As expected, GO:0022857 performance is higher than the random set of 20 genes at both 1% and 20% incidences (Figure 3B). Importantly, MetaNeighbor performance is nearly unaffected by differences in rarity: GO set performance is equally high when excitatory neurons make up 1% or 20% of all cells in each dataset, with n as low as 1 cell in the tested data. This is possible because within-dataset labeling is not exploited for training, so rarity is largely irrelevant for scoring. Comparison across multiple datasets in training makes even rare cell types learnable. Of interest is the robustness of MetaNeighbor to transcriptional subtlety. Of course, increasing subtlety leads to worse performance at both incidences, and falls to chance levels at subtletlies >99% (AUROC=0.5). However, even at almost 90% subtlety MetaNeighbor correctly identifies excitatory neurons with a mean AUROC of 0.71. Since this subtlety is relative to the transcriptional variability that exists between inhibitory and excitatory cells, it is quite extreme. Consistent with our previous results comparing performance across all GO functions, this suggests that there are marked and widespread differences in excitatory and inhibitory neuron gene expression, such that even sampling a small fraction of genes (<10%) allows for identification of these two classes. In sum, these results provide strong evidence that MetaNeighbor is robust to differences in rarity, and gives guidance for the interpretation of AUROC scores in light of this factor, suggesting the subtlety of cell identity relative to the outside control.

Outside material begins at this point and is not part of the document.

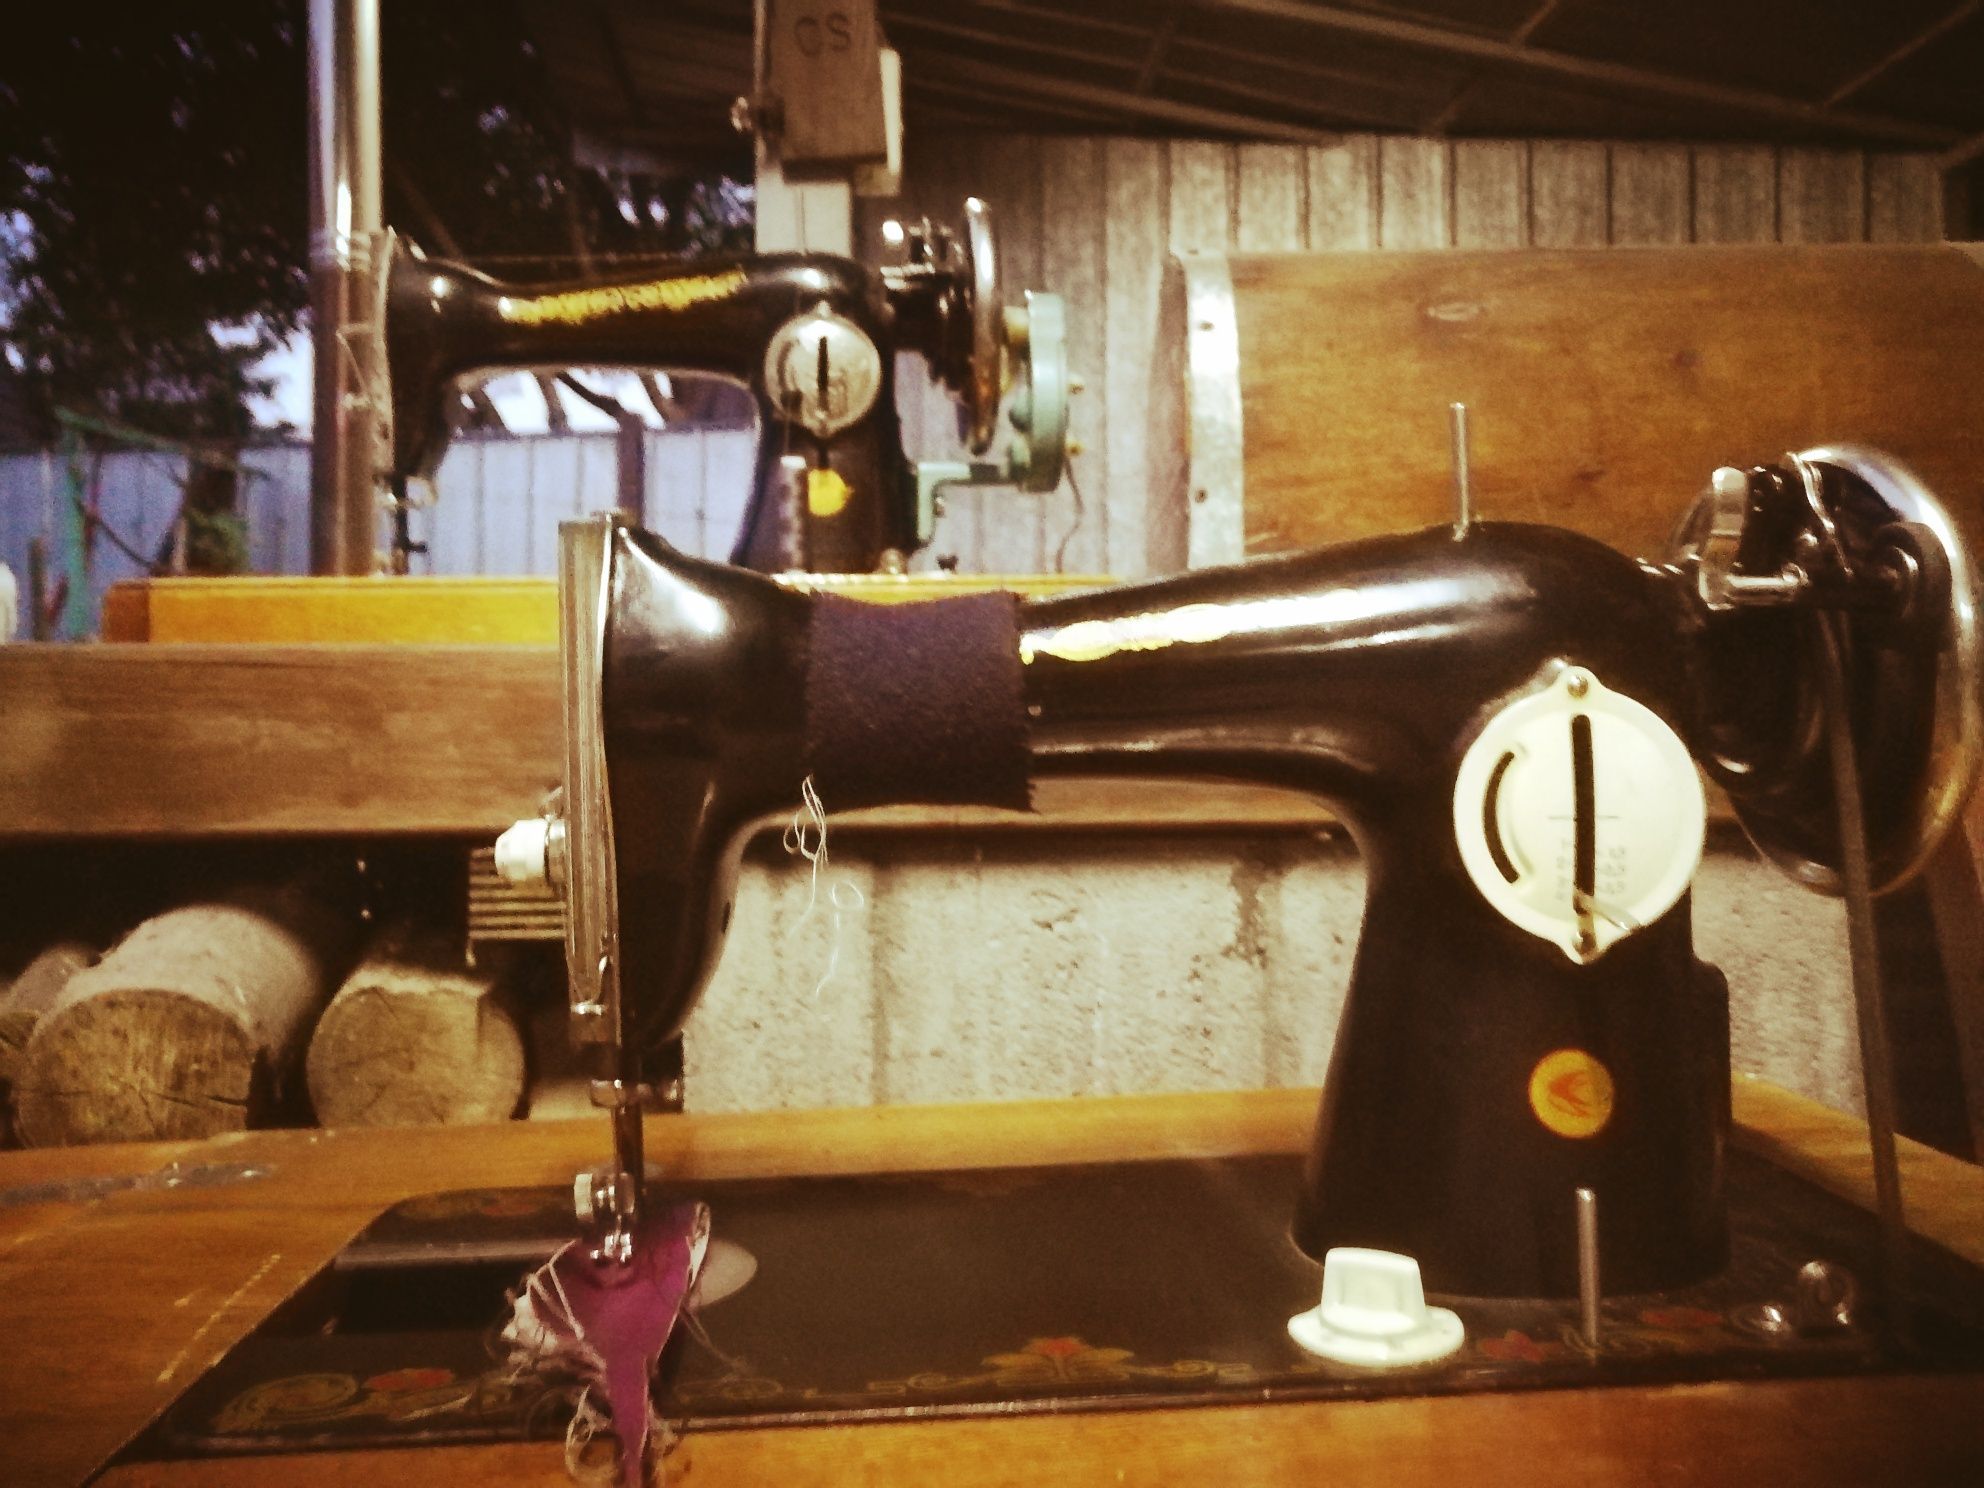 Ремонт бытовых швейных машин

Empirical modeling to evaluate gene set selection
In the previous section we demonstrated that the highest performing GO group for the excitatory vs. inhibitory comparison is robust to variation in either incidence or transcriptional subtlety, still permitting high-performing identification of these two classes when cells are rare or only subtly distinguishable. Determining this gene set requires known concordance of cell types across datasets. When concordance is unknown, for example when cell type labeling is idiosyncratic, it is necessary to have a strategy to identify informative gene sets ab initio. Expert knowledge of informative marker genes is one possibility, though this approach may not be extensible to newly described cell subtypes and suffers from potential ascertainment bias. As a more general alternative, the selection of highly variable genes (HVG) is commonly used in single cell analysis prior to dimension reduction and clustering4, 7, 33-⇓35, as it is thought that differentially expressed genes or marker genes should be preferentially variable, and potentially less subject to joint low-level noise. This is in line with our previous observation that gene sets containing highly variable genes are high performing. Indeed, when we select a set of HVG (detailed in Methods) we can almost perfectly identify excitatory neurons compared to inhibitory neurons across datasets (AUROC=0.99) which is equivalent to the highest performing GO group, but without any prior knowledge.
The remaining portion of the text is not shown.